A Multi-Modal Large Language Model with Retrieval-augmented In-context Learning capacity designed for generalisable and explainable end-to-end driving
Apache License 2.0
72 stars 4 forks source link

ValueError: too many values to unpack (expected 4) #11

Closed timbrist closed 3 months ago

timbrist commented 3 months ago

I ran into this issue when I am running bash ./scripts/batch_inference.sh

File "/MAHTI_TYKKY_lZVLBOy/miniconda/envs/env1/lib/python3.10/runpy.py", line 196, in _run_module_as_main return _run_code(code, main_globals, None, File "/MAHTI_TYKKY_lZVLBOy/miniconda/envs/env1/lib/python3.10/runpy.py", line 86, in _run_code exec(code, run_globals) File "/projappl/project_2010633/RAG-Driver/llava/serve/eval_custom_predsig.py", line 168, in <module> main(args) File "/projappl/project_2010633/RAG-Driver/llava/serve/eval_custom_predsig.py", line 121, in main output_ids = model.generate( File "/MAHTI_TYKKY_lZVLBOy/miniconda/envs/env1/lib/python3.10/site-packages/torch/utils/_contextlib.py", line 115, in decorate_context return func(*args, **kwargs) File "/projappl/project_2010633/RAG-Driver/llava/model/multimodal_encoder/languagebind/__init__.py", line 226, in forward video_forward_outs = self.video_tower(videos.to(device=self.device, dtype=self.dtype), output_hidden_states=True) File "/MAHTI_TYKKY_lZVLBOy/miniconda/envs/env1/lib/python3.10/site-packages/torch/nn/modules/module.py", line 1501, in _call_impl return forward_call(*args, **kwargs) File "/projappl/project_2010633/RAG-Driver/llava/model/multimodal_encoder/languagebind/video/modeling_video.py", line 643, in forward B, _, _, _ = pixel_values.shape ValueError: too many values to unpack (expected 4) 1 ['video']
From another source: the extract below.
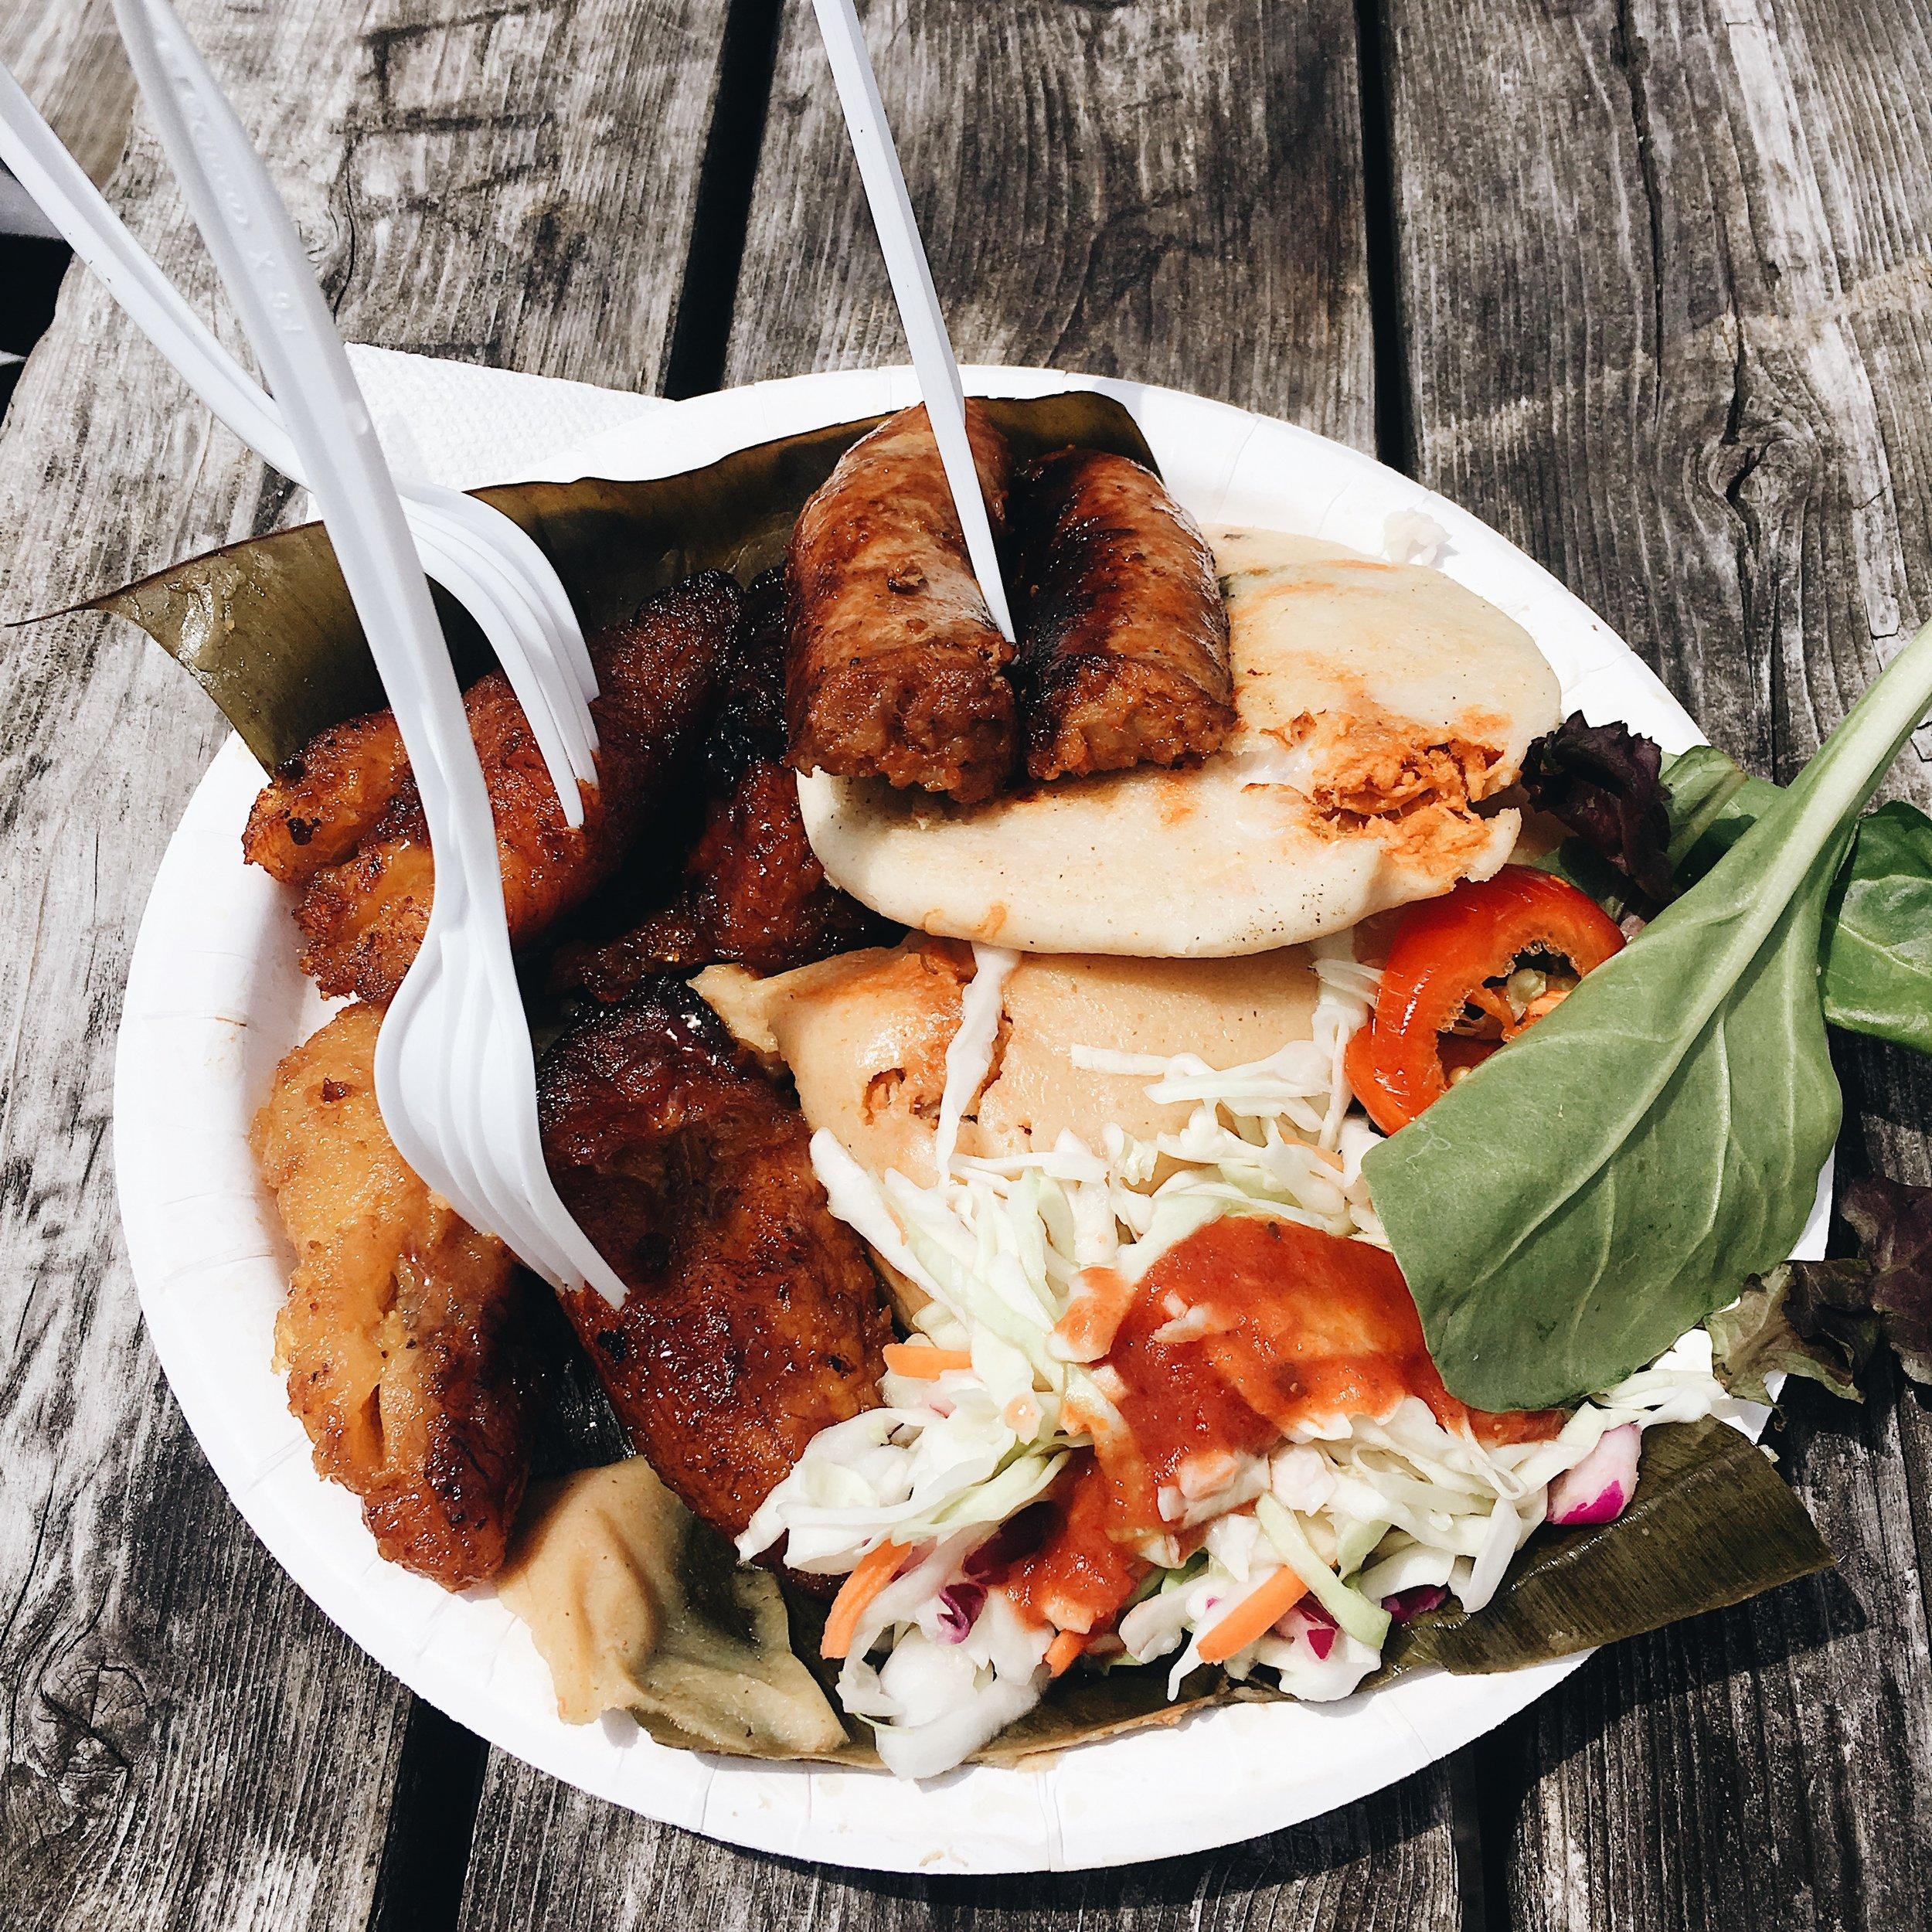 pupusa sampler platter-a salvadoran dish including pork tamale, chicken + cheese pupusa, chorizo, plantains, peppers and coleslaw!

I trace the code to here: modeling_video.py pixel_values.shape is 6 from torch.Size([1, 1, 3, 8, 224, 224])

timbrist commented 3 months ago

solve the problem by

changing the code:

video_tensor = [video_processor(video_path, return_tensors='pt')['pixel_values'] for video_path in video_paths] in /RAG-Driver/llava/serve/eval_custom_predsig.py

into

video_tensor = [video_processor.preprocess(video_path, return_tensors='pt')['pixel_values'][0].half().to(args.device) for video_path in video_paths]